Deep Learning for NLP - Part 6

Part 6: Popular Transformer Models

Ratings 5.00 / 5.00

What You Will Learn!

Deep Learning for Natural Language Processing
Popular Transformer encoder and decoder models
Multi-modal Transformer models
Large scale Transformer models
DL for NLP

Description

This course is a part of "Deep Learning for NLP" Series. In this course, I will talk about various popular Transformer models beyond the ones I have already covered in the previous sessions in this series. Such Transformer models including encoder as well as decoder based models and differ in terms of various aspects like form of input, pretraining objectives, pretraining data, architecture variations, etc.

These Transformer models have been all proposed after 2019 and some of them are also from early 2021. Thus, as of Aug 2021, these models are very recent and state of the art across multiple NLP tasks.

The course consists of three main sections as follows.

In the first section, I will talk about a few Transformer encoder and decoder models which extend the original Transformer framework. Specifically I will cover SpanBERT, Electra, DeBERTa and DialoGPT. SpanBERT, Electra and DeBERTa are Transformer encoders while DialoGPT is a Transformer decoder model. For each model, we will also talk about their architecture or pretraining differs from standard Transformer. We will also talk important results on various NLP tasks.

In the second section, I will talk about multi-modal Transformer models. Multimodal learning has gained a lot of momentum in recent years. Thus, there was a need to come up with Transformer models which could handle text and image data together. In this part, I will cover VisualBERT and vilBERT which both process the multi-modal input very effectively. Both the models have many similarities. We will discuss about theri similarities and differences in detail.

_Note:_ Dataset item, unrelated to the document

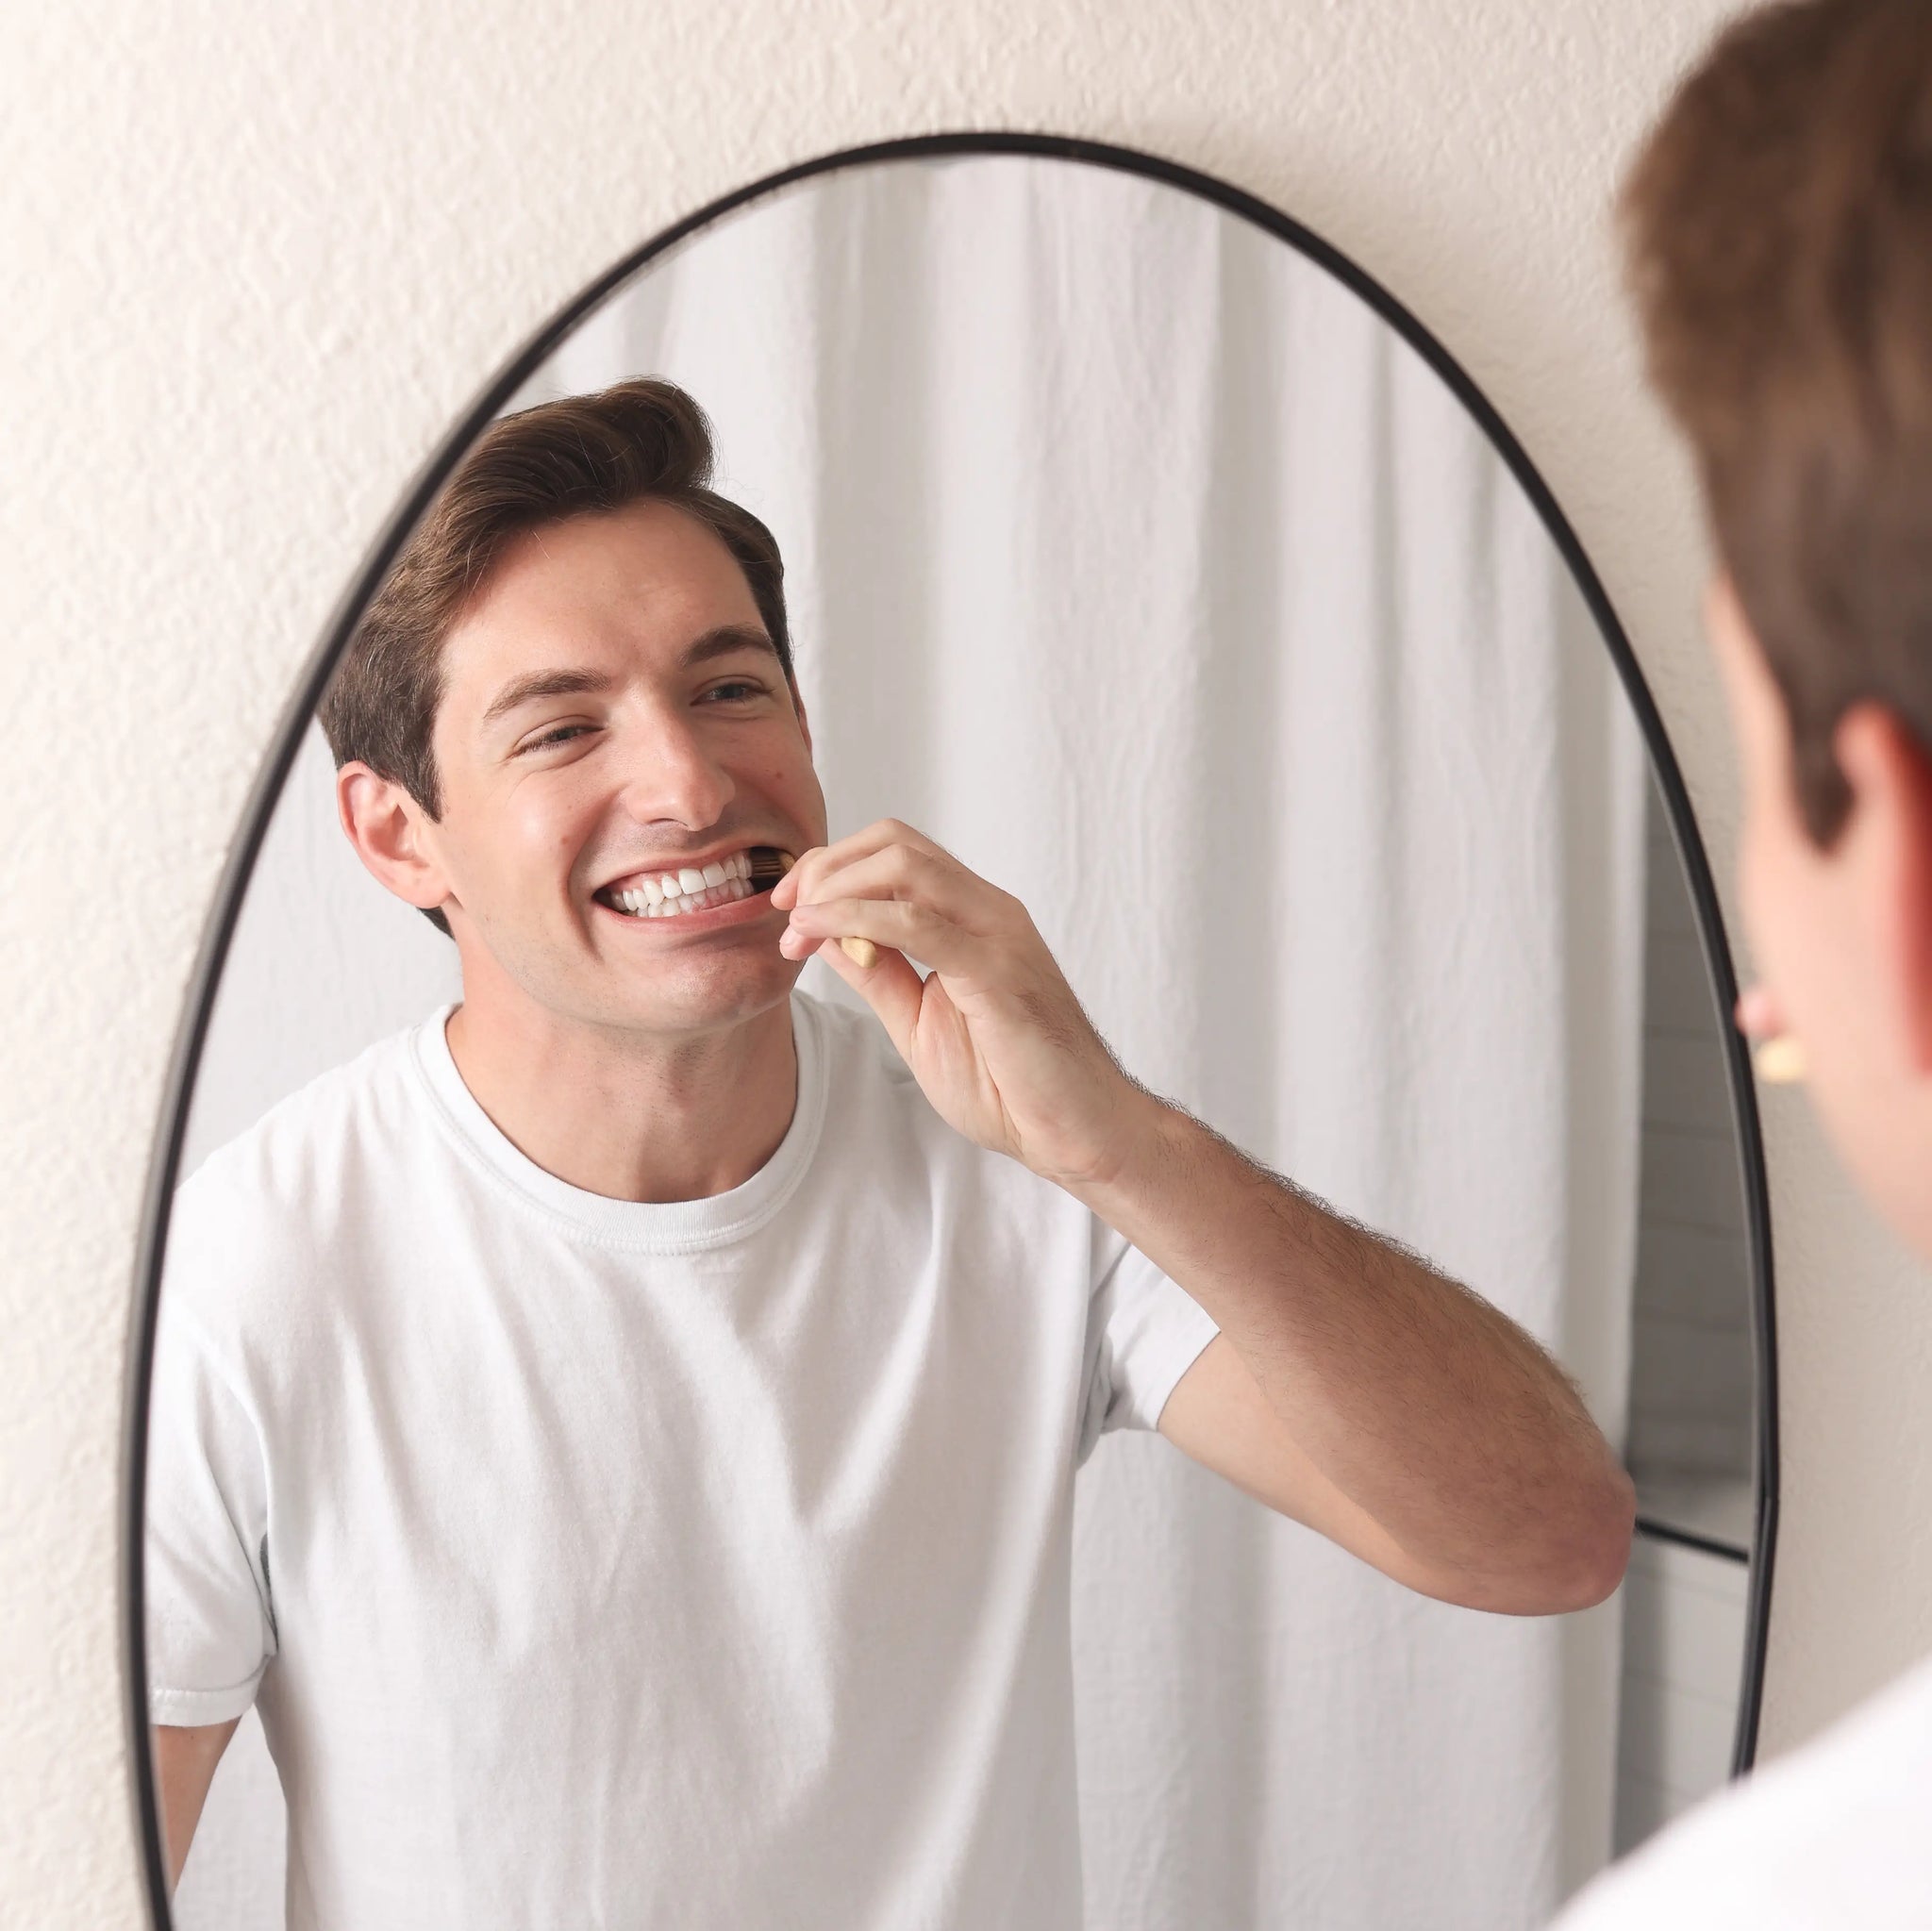 man brushing teeth with Wonder bamboo toothbrush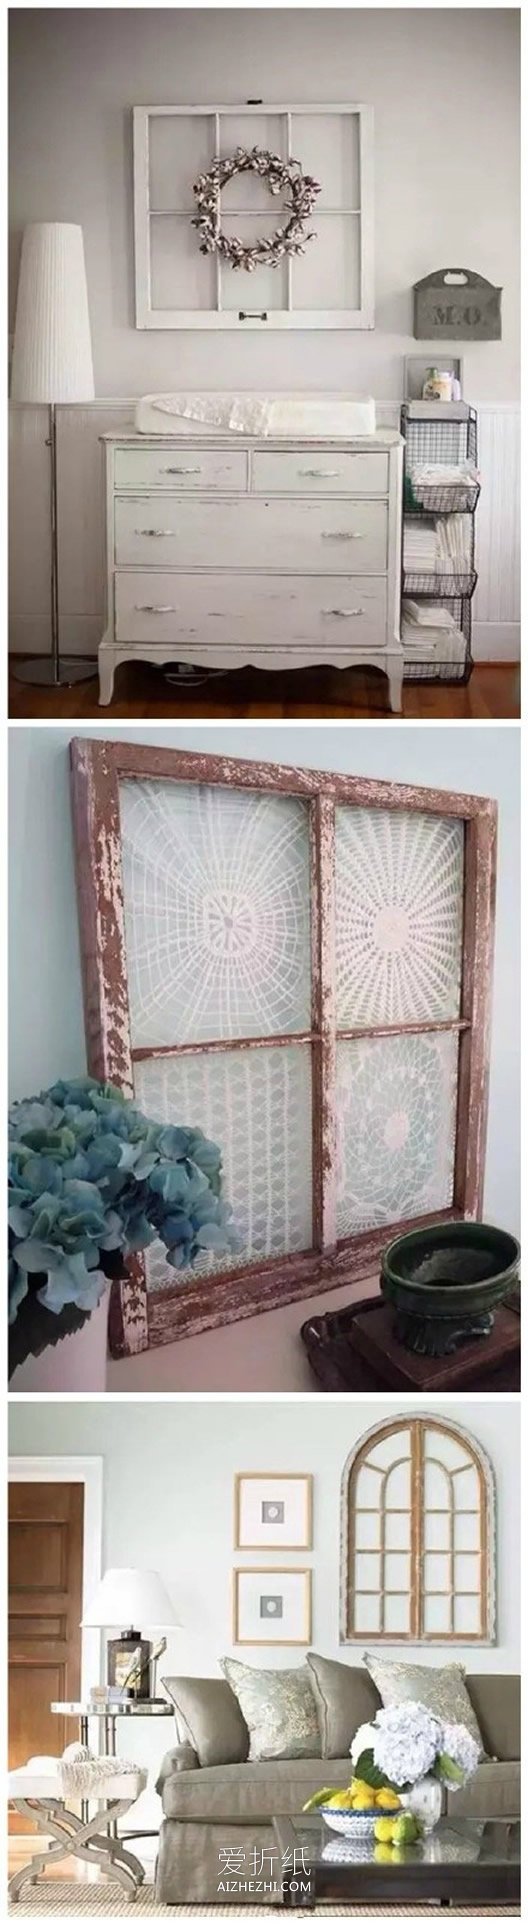 怎么改造旧窗框图片 旧窗户改造家居装饰品- www.aizhezhi.com

Lastly, in the third section, I will talk about lareg scale Transformer models. I will introduce the mixture of experts (MoE) architecture. Then I will talk about how GShard adapts the MoE architecture, and shows great results on massive multilingual machine translation. Lastly, I will discuss Switch Transformers which simplify the MoE routing algorithm and also do several engineering optimizations to reduce network communciation and computation costs and mitigate instabilities.

In general, each of these papers is pretty long and thus it becomes very difficult and time consuming to understand them. In these sessions, I have tried to summarize them nicely bringing out the intuitions and tying the important concepts across such papers in a coherent story. Hope you will find it useful for your work and understanding.